La sigla si riferisce ad una persona, per quanto sia stata utilizzata anche per indicare il sistema o la strumentazione, quindi è corretto il genere maschile

Il VAR o la VAR? Un dubbio che ci accompagna ancora, vista l’alternanza con cui viene proposto un genere diverso ogni volta. La sigla si riferisce a un essere umano, significa “assistente arbitro in video”, per cui il genere dovrebbe accordarsi a quello della persona a cui viene assegnato il ruolo. Tuttavia, specialmente all’inizio, l’acronimo era utilizzato anche per indicare la tecnologia, e quindi spesso e volentieri tuttora qualcuno utilizza il femminile. A dirimere la questione ci ha pensato l’Accademia della Crusca.

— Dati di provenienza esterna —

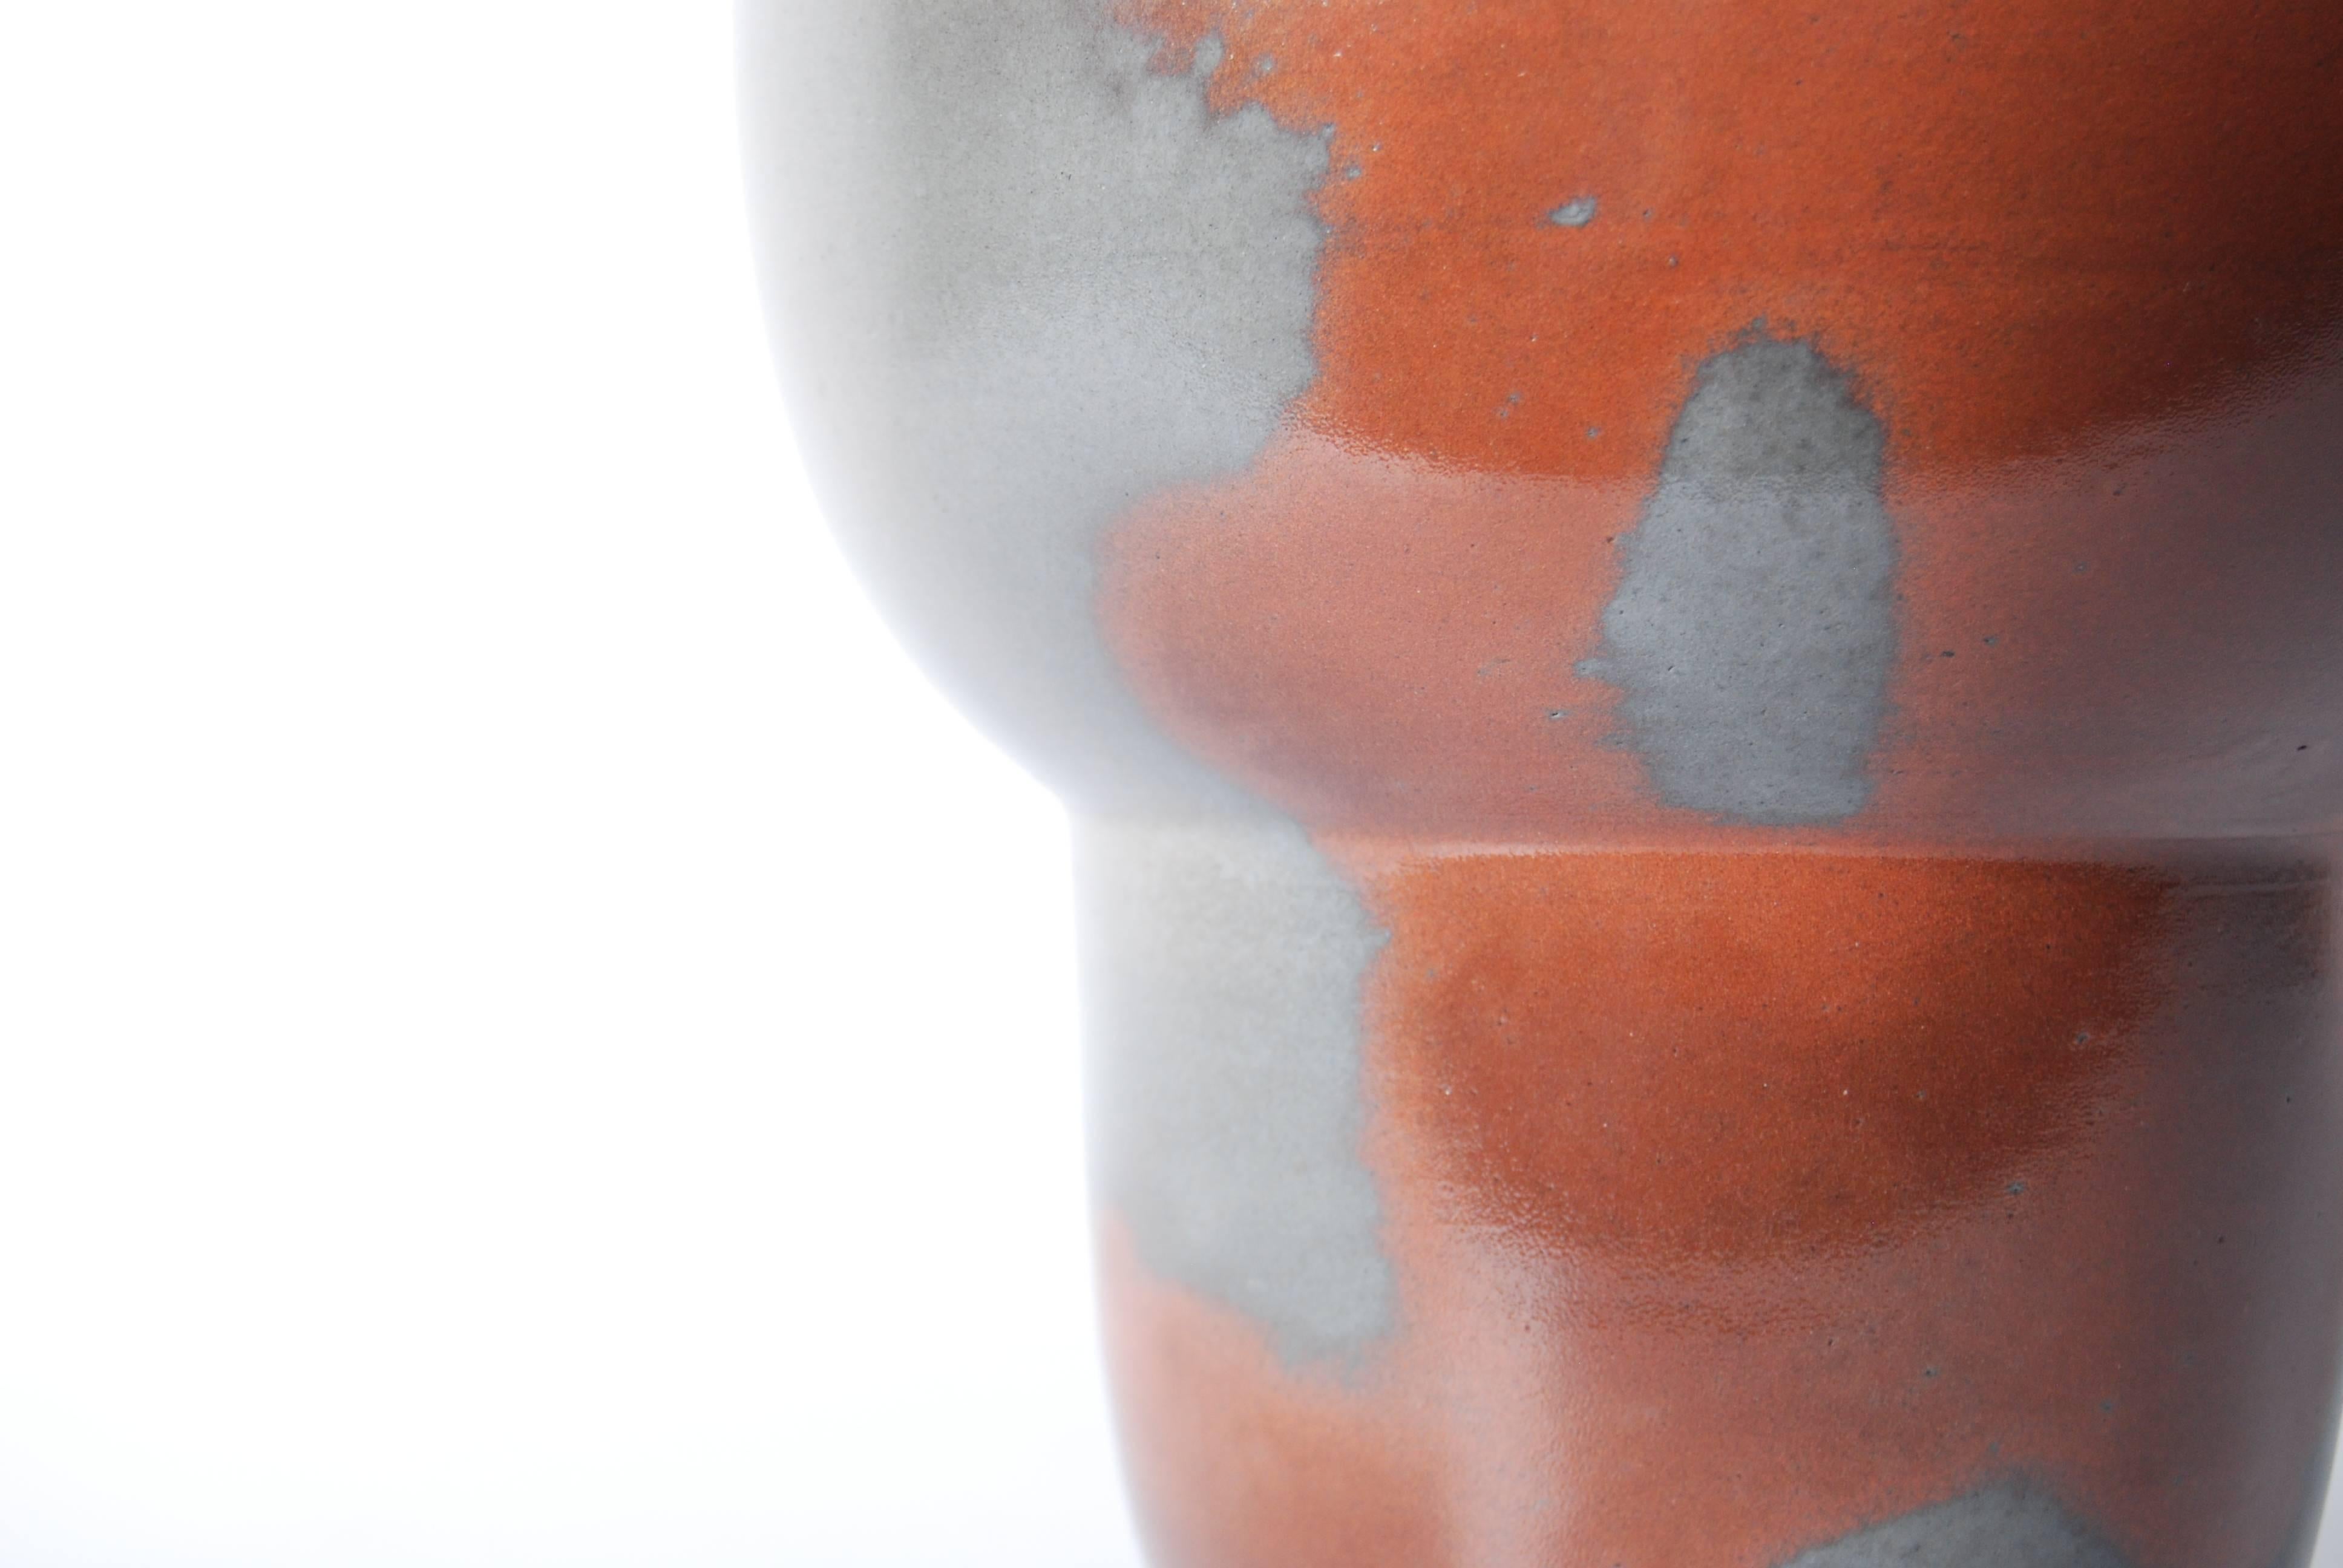 This elegant water jar for tea ceremony (Mizusashi), from the Okayama prefecture of Japan features striking mottled tones of grey and rust which are the result of charcoal ash staining the pottery during the 8-day wood-kiln firing process. 

As one

VAR è l’acronimo di Video Assistant Referee, un assistente che collabora con l’arbitro in campo per chiarire situazioni dubbie (quelle specificatamente previste dal regolamento), avvalendosi dell’ausilio di filmati e di tecnologie che consentono di rivedere più volte l’azione, a velocità variabile, da diverse angolature, con ingrandimenti e riduzioni.

Per quanto la sigla si riferisca alla PERSONA, soprattutto nelle fasi iniziali dell’introduzione di questa particolare procedura di aiuto all’arbitro in campo, vi è stata una notevole incertezza nei mezzi di comunicazione di massa che l’hanno riferita anche alla TECNICA, al SISTEMA, alla STRUMENTAZIONE, determinando di conseguenza nel parlante medio, ma anche fra gli addetti ai lavori, un’incertezza sul genere che, va chiarito subito, è il MASCHILE.

L’Accademia della Crusca fu subito interpellata dai giornali sulla questione e si espresse a favore del maschile (la notizia fu data in un articolo di Antonio Montanaro comparso sul Corriere Fiorentino del 22 agosto del 2017 e rimbalzò sulla rete nei giorni successivi).